GGP: A Graph-based Grouping Planner
for Explicit Control of Long Text Generation
Abstract.
Existing data-driven methods can well handle short text generation. However, when applied to the long-text generation scenarios such as story generation or advertising text generation in the commercial scenario, these methods may generate illogical and uncontrollable texts. To address these aforementioned issues, we propose a graph-based grouping planner (GGP) following the idea of first-plan-then-generate. Specifically, given a collection of key phrases, GGP firstly encodes these phrases into an instance-level sequential representation and a corpus-level graph-based representation separately. With these two synergic representations, we then regroup these phrases into a fine-grained plan, based on which we generate the final long text. We conduct our experiments on three long text generation datasets and the experimental results reveal that GGP significantly outperforms baselines, which proves that GGP can control the long text generation by knowing how to say and in what order.
1. Introduction
In recent years, live streaming is becoming an increasingly popular trend of sales in E-commerce. In live streaming, an anchor will attractively introduce the listed product items, and offer certain discounts or coupons, to facilitate user interaction and volume of transactions. However, script creation of product introduction is very time-consuming and requires professional sales experience. To alleviate this problem, we launched AliMe Avatar, an AI-powered Vtuber for automatically product broadcasting in the live-streaming sales scenario. Figure 1 reveals how our virtual avatar broadcasts products with scripts created by our proposed planning-based methods. In AliMe Avatar, the process of script creation is abstracted into a first-plan-then-generate data-to-text task. The task of data-to-text generation is to generate a natural language description for given structured data (Gatt and Krahmer, 2018). Data-to-text methods have a wide range of applications in domains like automatic generation of weather forecasting, game report and production description. Table 1 shows an example where the input data is a collection of key phrases, and the output texts are corresponding natural language descriptions generated from intermediate plans.

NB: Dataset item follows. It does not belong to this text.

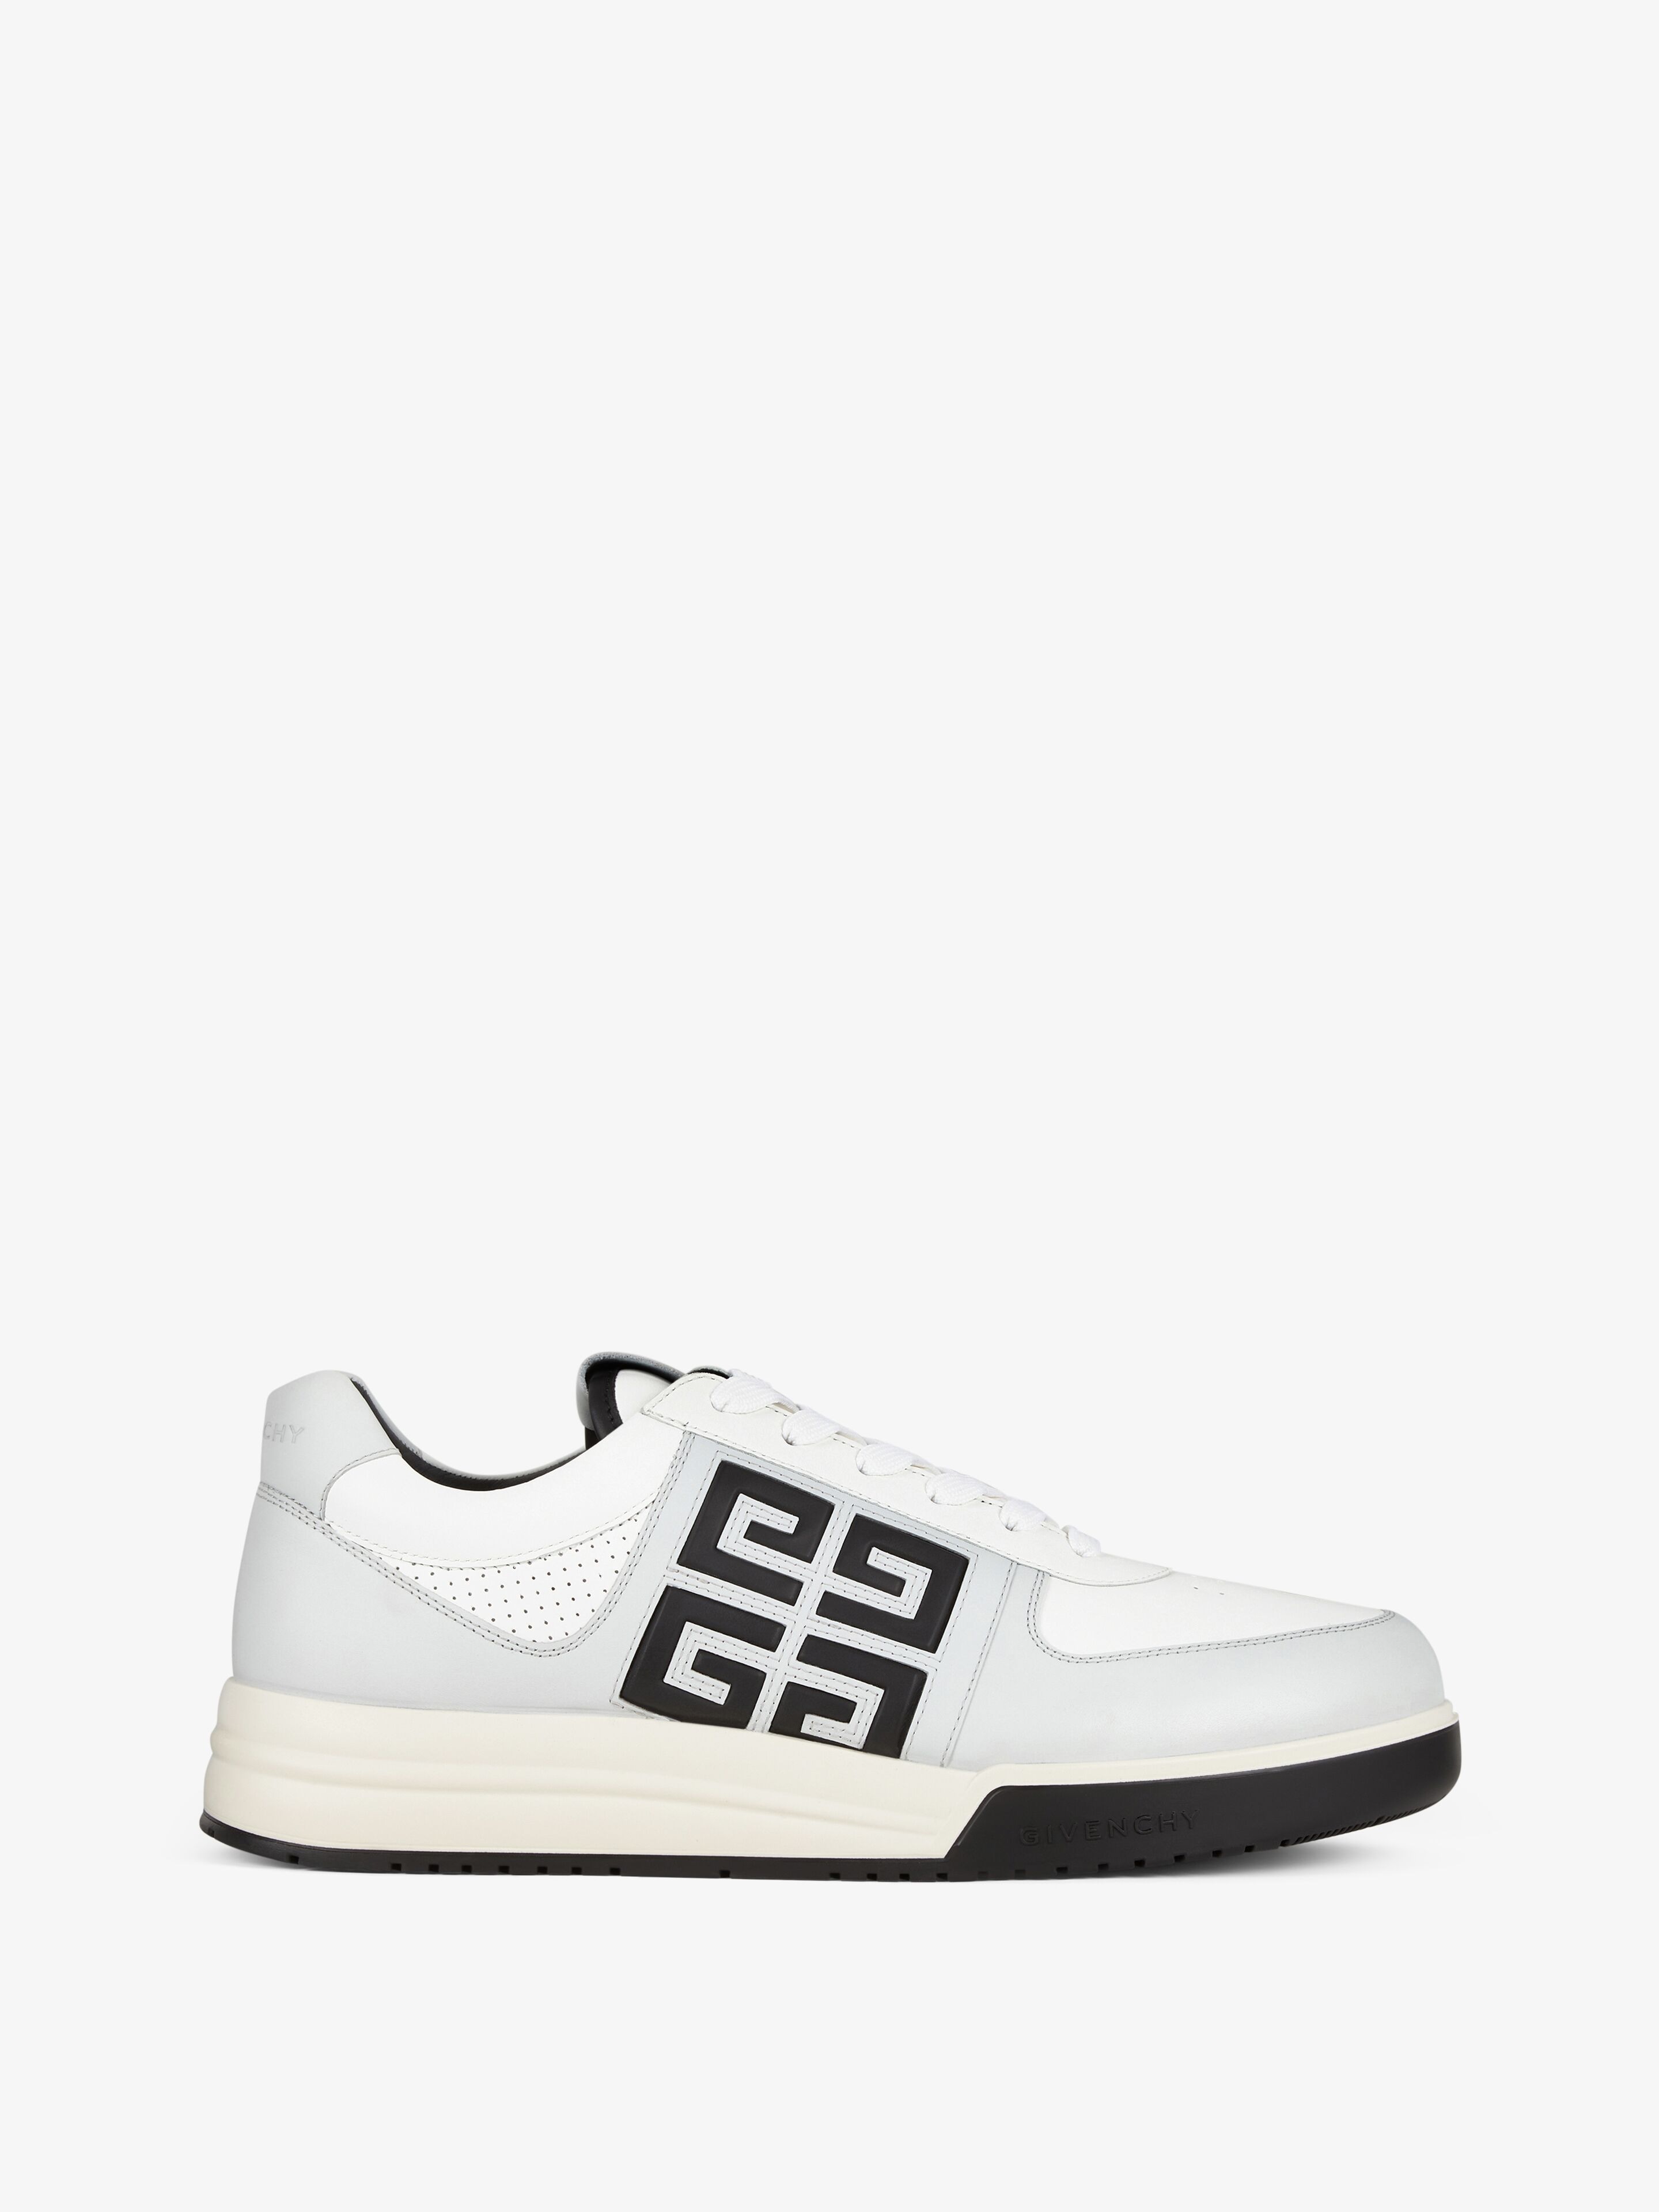 Givenchy GV1 low-top sneakers - White

Recently several published articles are inspired by the first-plan-then-generate pipeline (Kukich, 1983; Mei et al., 2015) which includes content planning, sentence planning and surface realization. Moryossef et al. (Moryossef et al., 2019) proposed a planning-based method to split the generation process into a symbolic text-planning stage followed by a neural generation stage. The text planner determines the information structure and expresses it unambiguously as a sequence of ordered trees from graph data. Puduppully et al. (Puduppully et al., 2019) also decomposed the generation task into two stages with end-to-end methods instead. Zhao et al. (Zhao et al., 2020) focused on planning from graph data and proposed a model named DualEnc. DualEnc is a dual encoding model that can not only incorporate the graph structure but can also cater to the linear structure of the output text. Considering the task of long text generation, Shao et al. (Shao et al., 2019) proposed a planning-based hierarchical variational model (PHVM) to generate long texts with plans.
However, these works ignore two points that are important in our scenarios: (1) Most of these works ignore the sentence planning process at the text planning stage and do not allow key phrase duplication. (2) The graph is extracted from the instance-level sample instead of the whole corpus, which is unable to learn regular patterns from a global perspective. Considering to overcome these shortcomings, we propose a GGP model. GGP combines sentence planning and text planning at the planning stage based on a corpus-level graph. Concretely, GGP can not only be aware of instance-level sequential representations but also corpus-level graph-based representations for each given key phrase. During the decoding process, GGP can regroup these encoded phrases into sentence-level plans and then paragraph-level plans in a fine-grained way. Finally, long texts are generated according to the generated plans. Moreover, recently Ribeiro et al. (Ribeiro et al., 2020) and Kale (Kale, 2020) reveal that large scale pre-trained language models are evidenced by large improvements on data-to-text tasks. So in this situation, we conduct our experiments based on pre-trained language models to further prove the effectiveness of our proposed methods.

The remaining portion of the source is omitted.